→ GIVEN DATA
* * * *
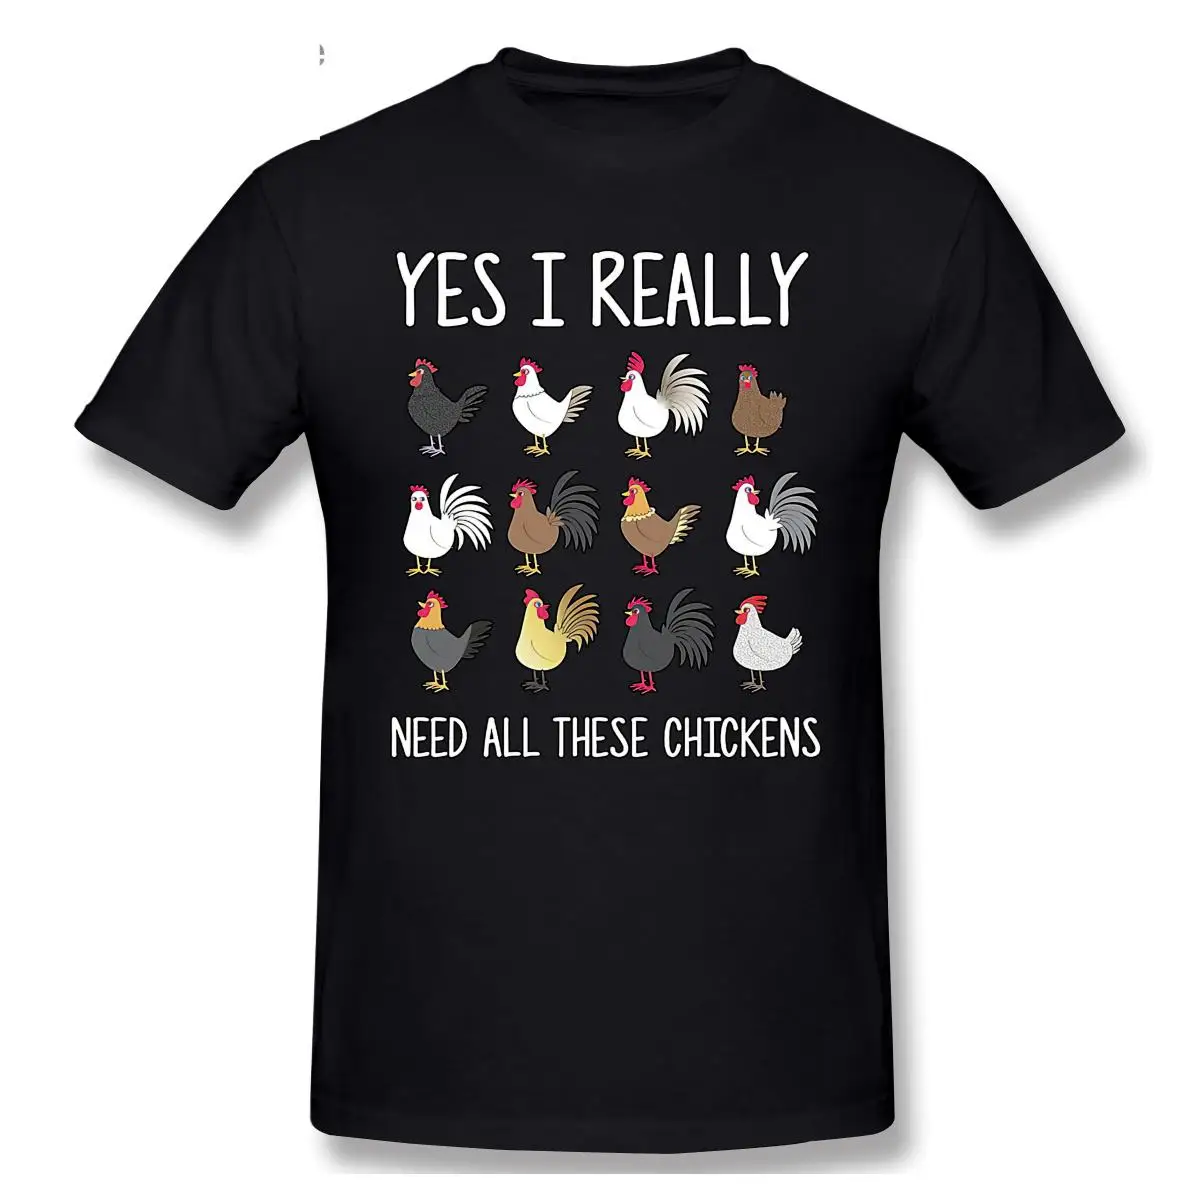 

Yes I Really Do Need All These Chickens Funny Farming T Shirts Farmer Crazy Chicken Lady Chicken TShirts Chicks Hen T-Shirts
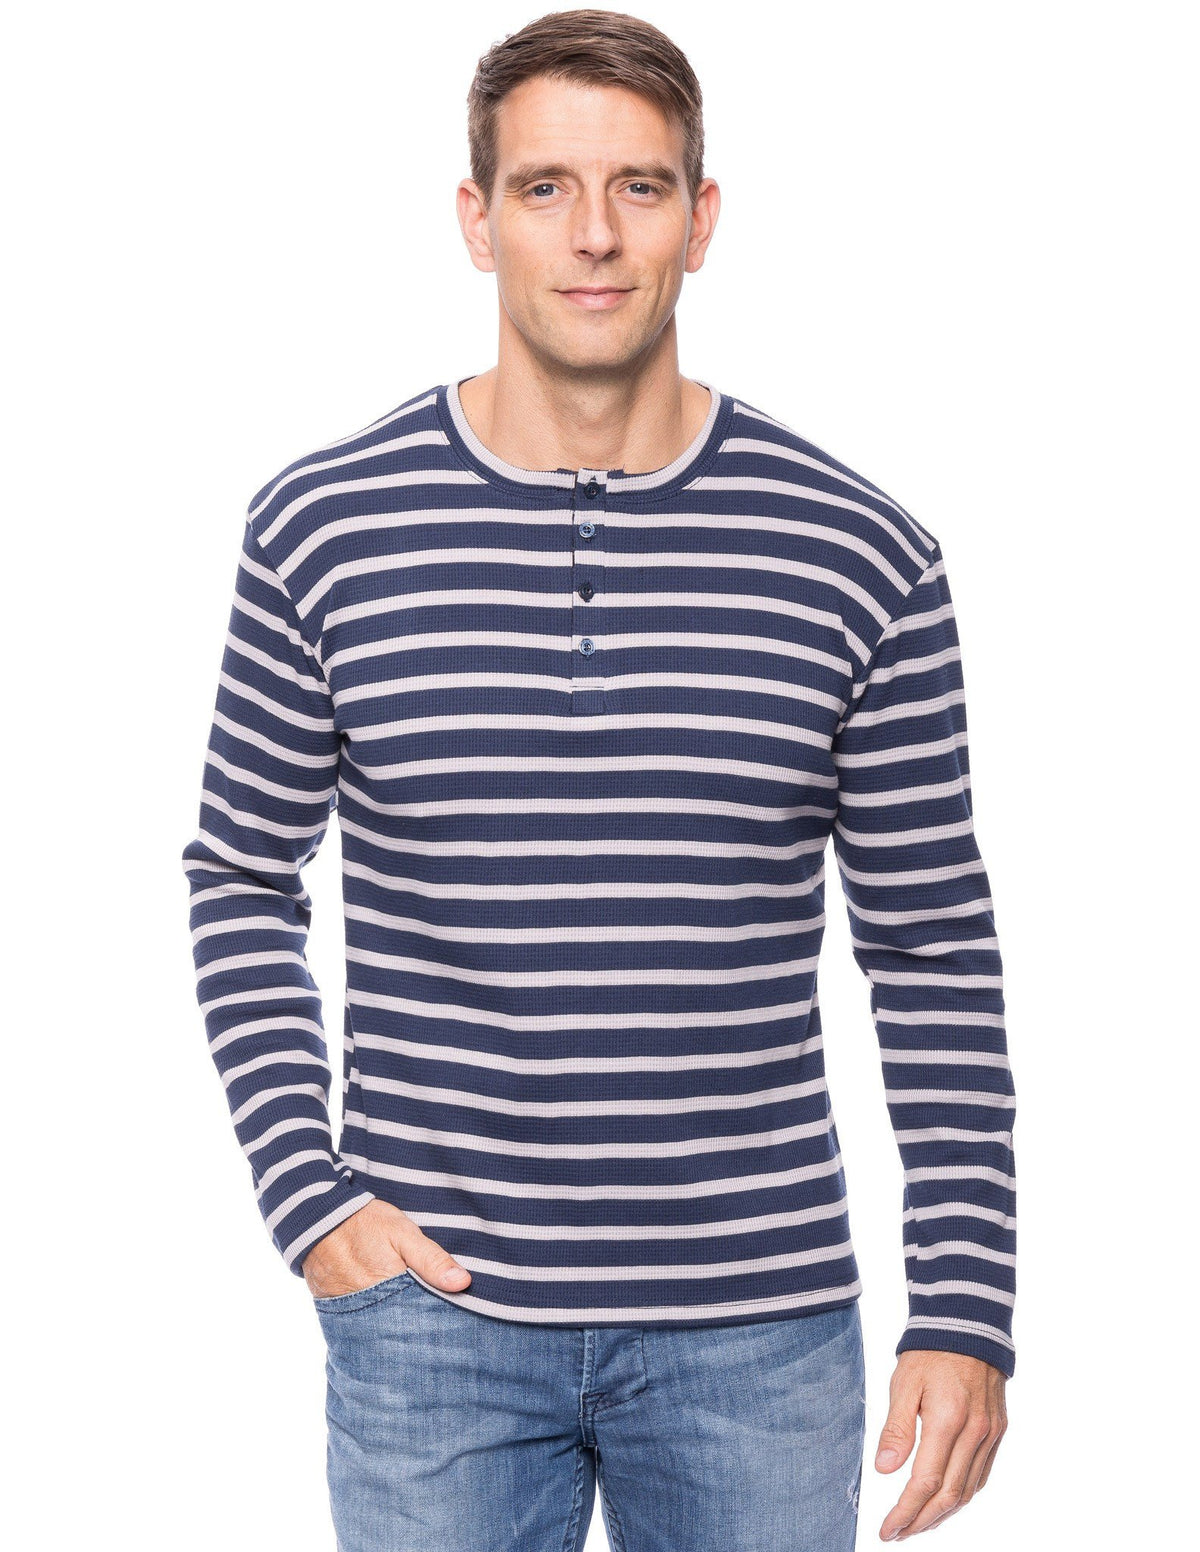 Men's Solid Thermal Henley Long Sleeve T-shirts - Stripes Navy/Heather Grey
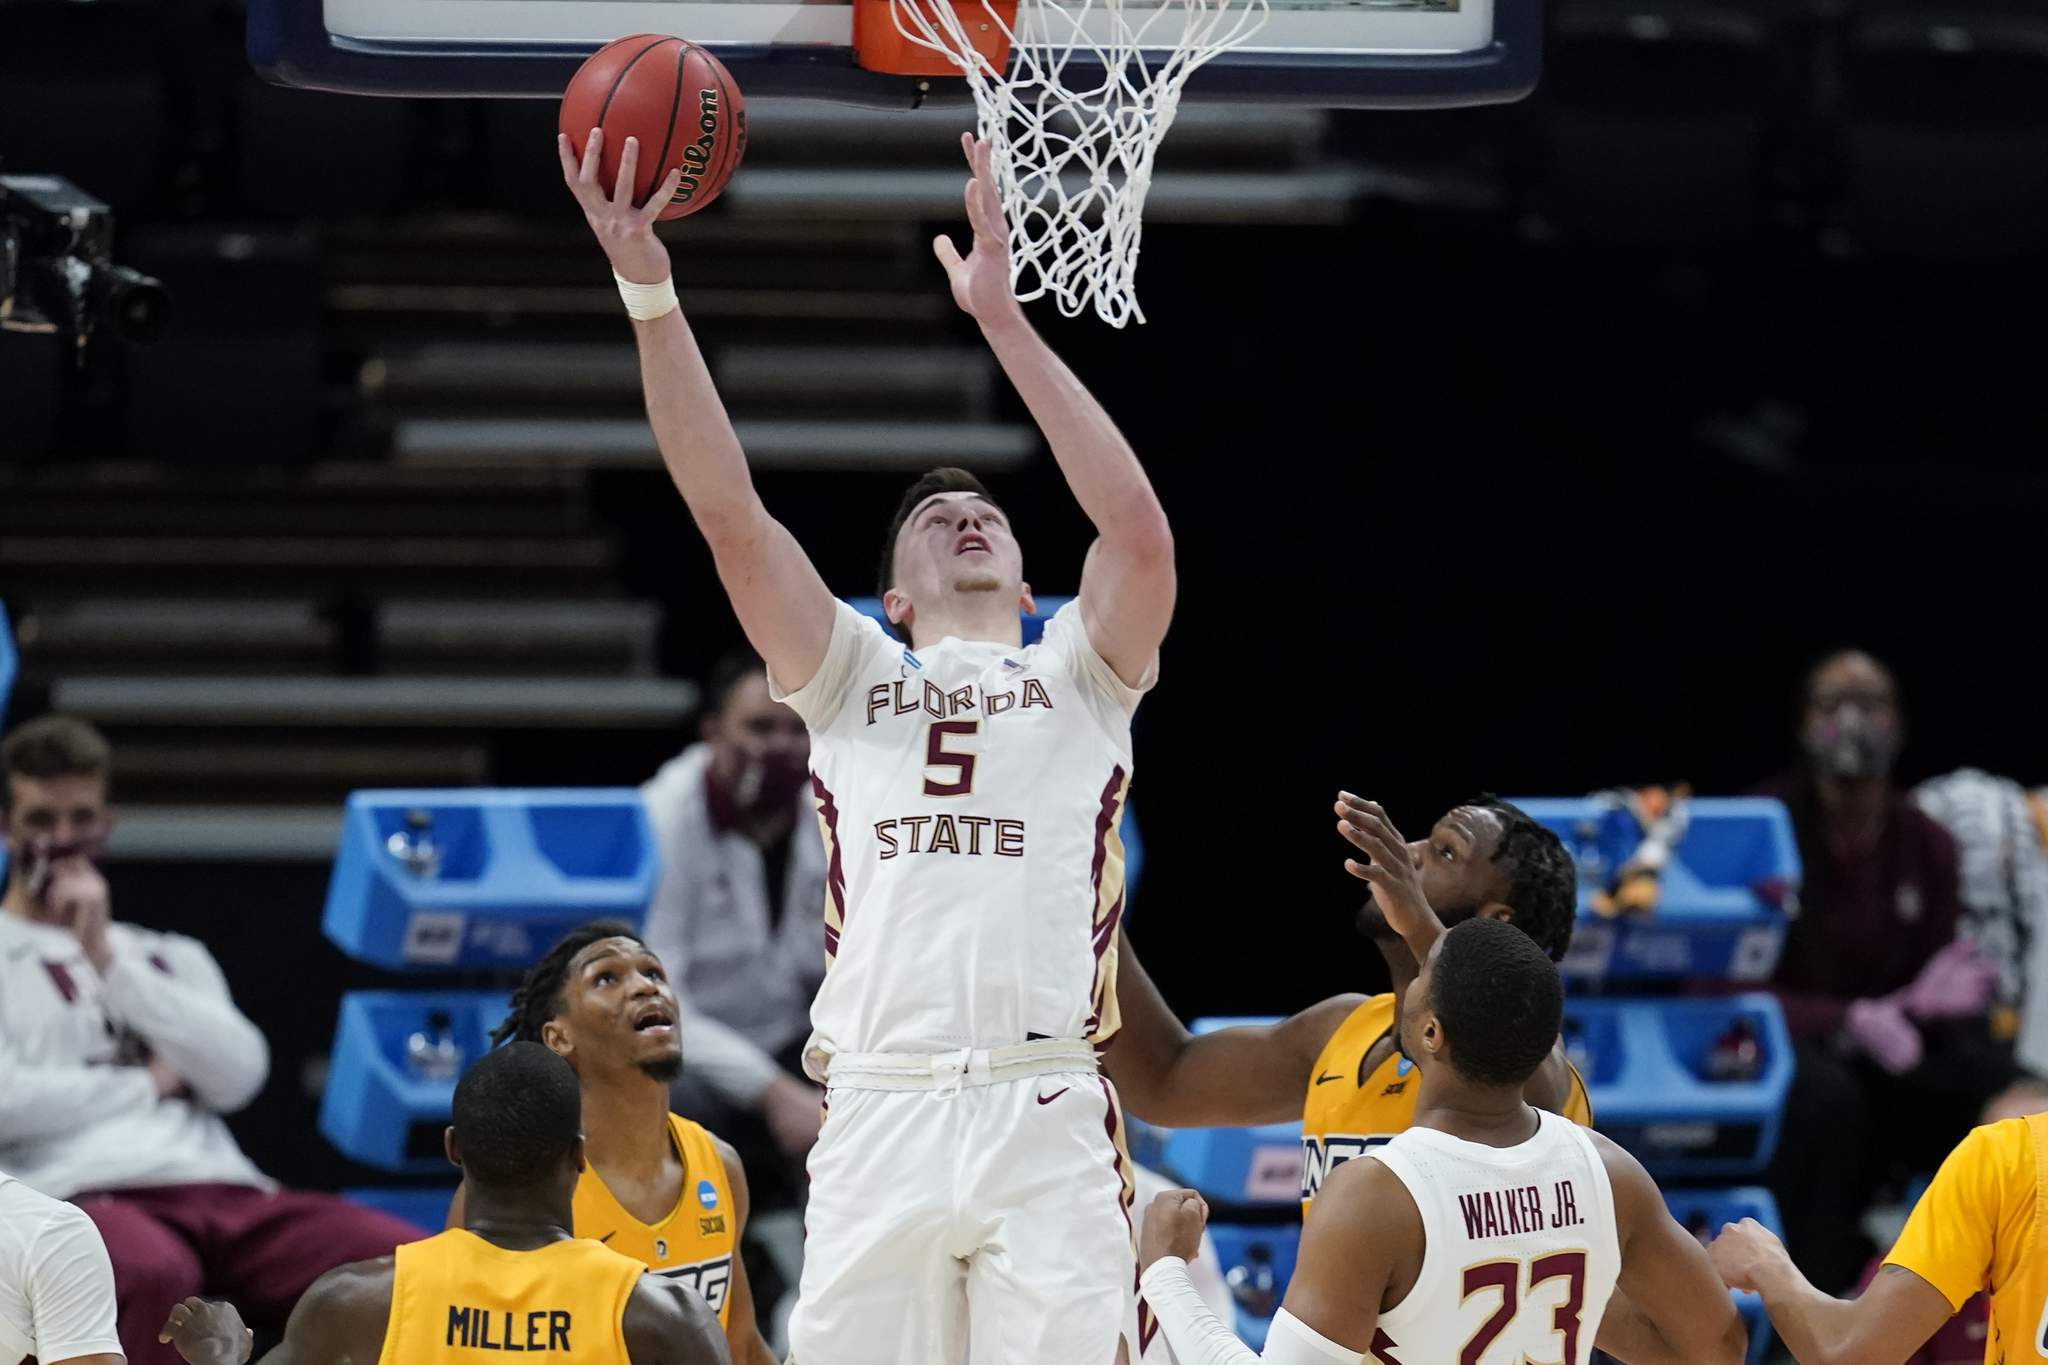 Florida State cold from deep, outlasts UNCG in NCAA tourney
* * * *
→ WORK INSTRUCTIONS
When you reach the line containing "Men's Solid Thermal" in the listing above, reproduce it and every line after it through the last, exactly; omit the pictures.

→ RESULT OF THIS EXERCISE
 Men's Solid Thermal Henley Long Sleeve T-shirts - Stripes Navy/Heather Grey
 Florida State cold from deep, outlasts UNCG in NCAA tourney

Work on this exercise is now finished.